Please restate every line below exactly, without any pictures.
───── DATASET CONTENT ─────
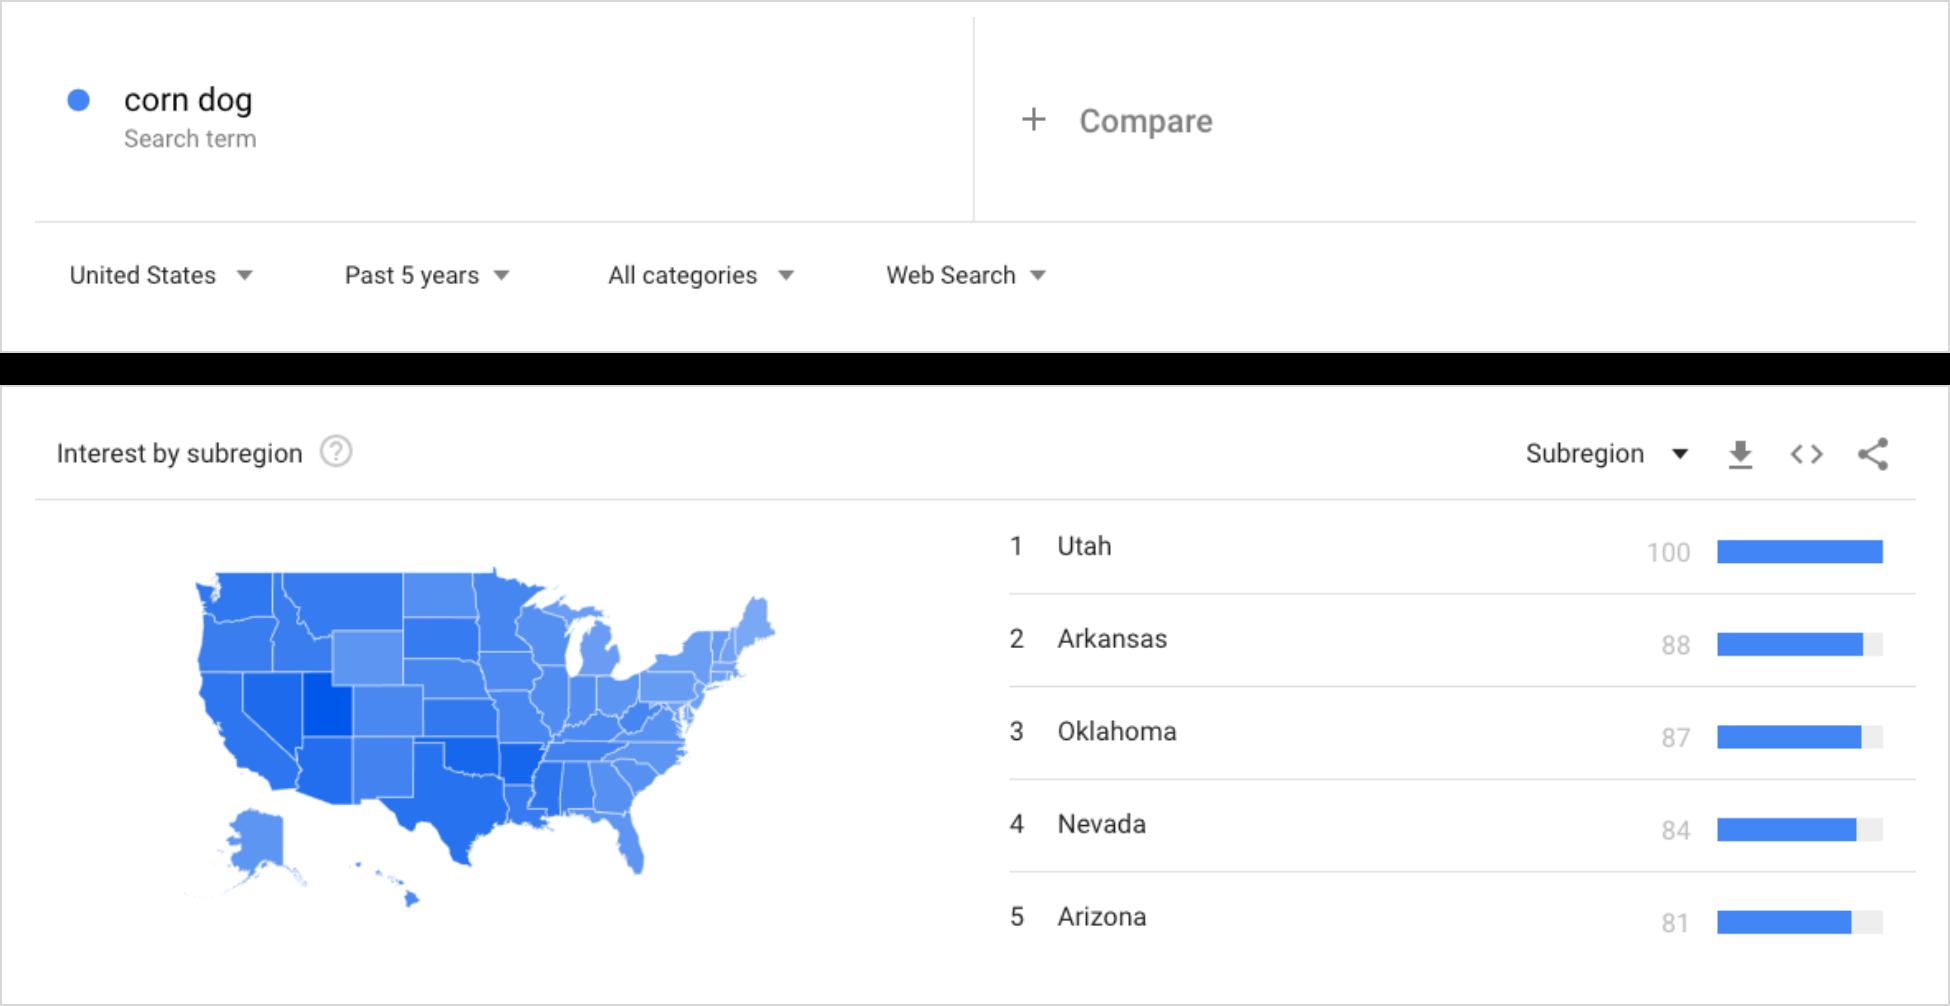 Corn dog - interest by region
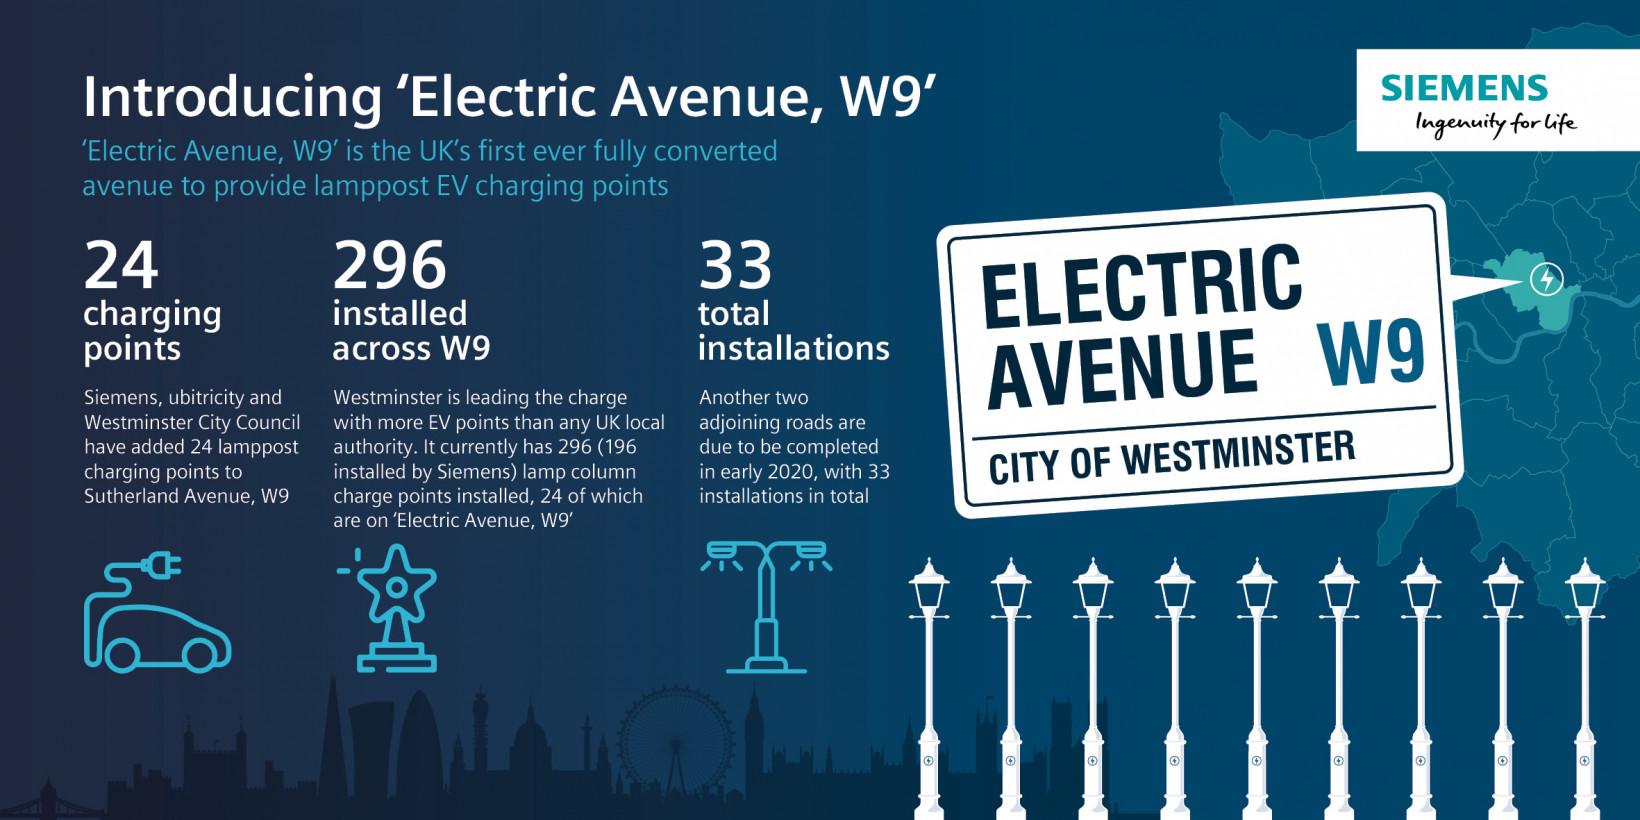 Siemens, ubricity, westminster, ev, charging, lamppost
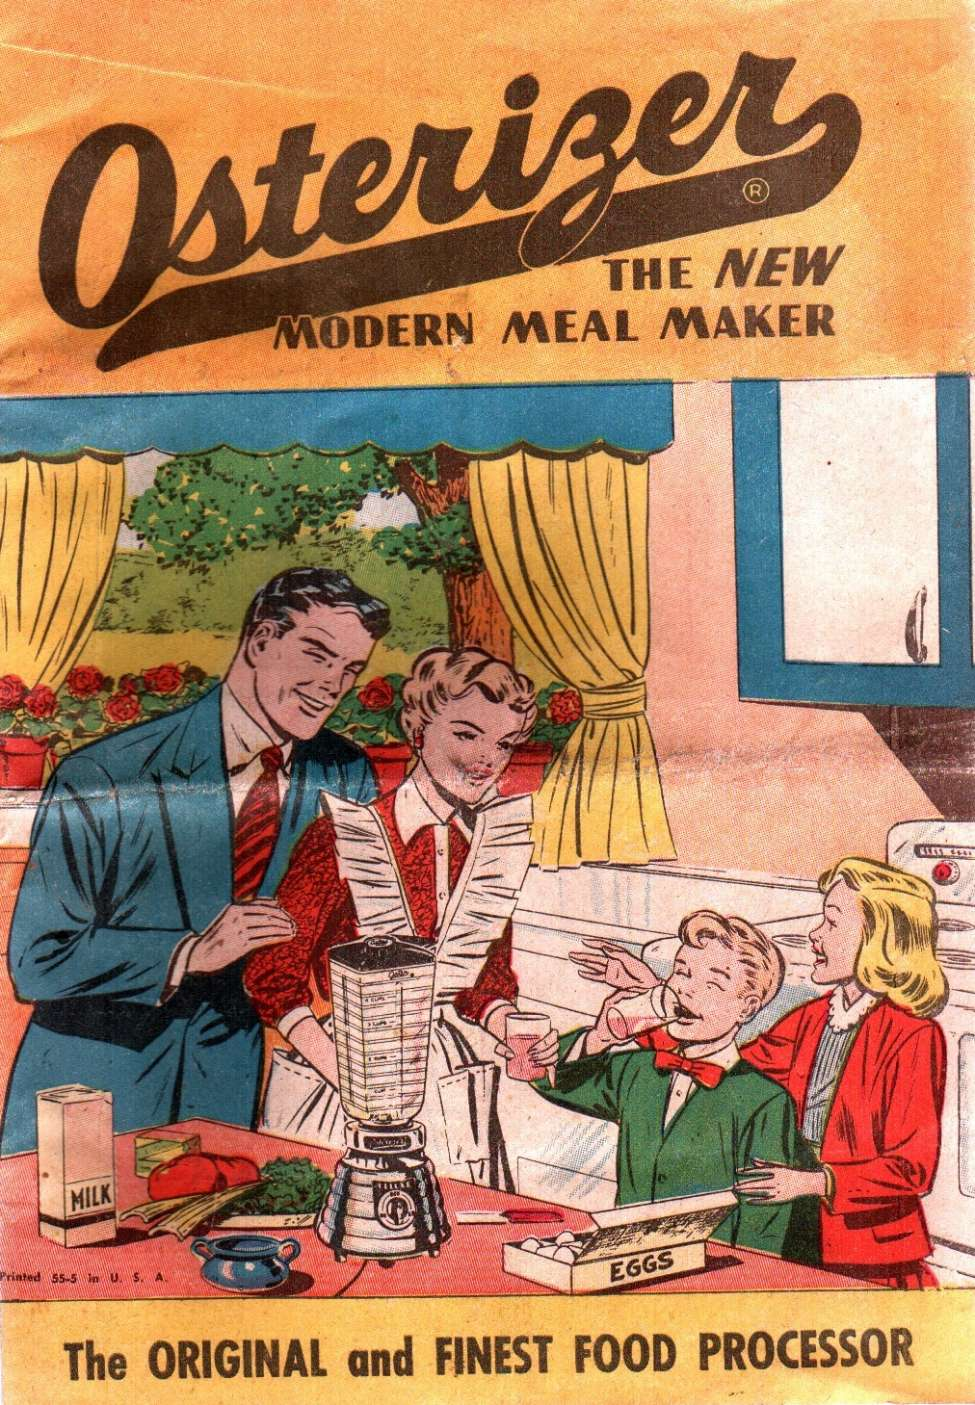 Modern Book Cover Generator : Osterizer the new modern meal maker nn comic book plus
─────
## RESPONSE:
 Corn dog - interest by region
 Siemens, ubricity, westminster, ev, charging, lamppost
 Modern Book Cover Generator : Osterizer the new modern meal maker nn comic book plus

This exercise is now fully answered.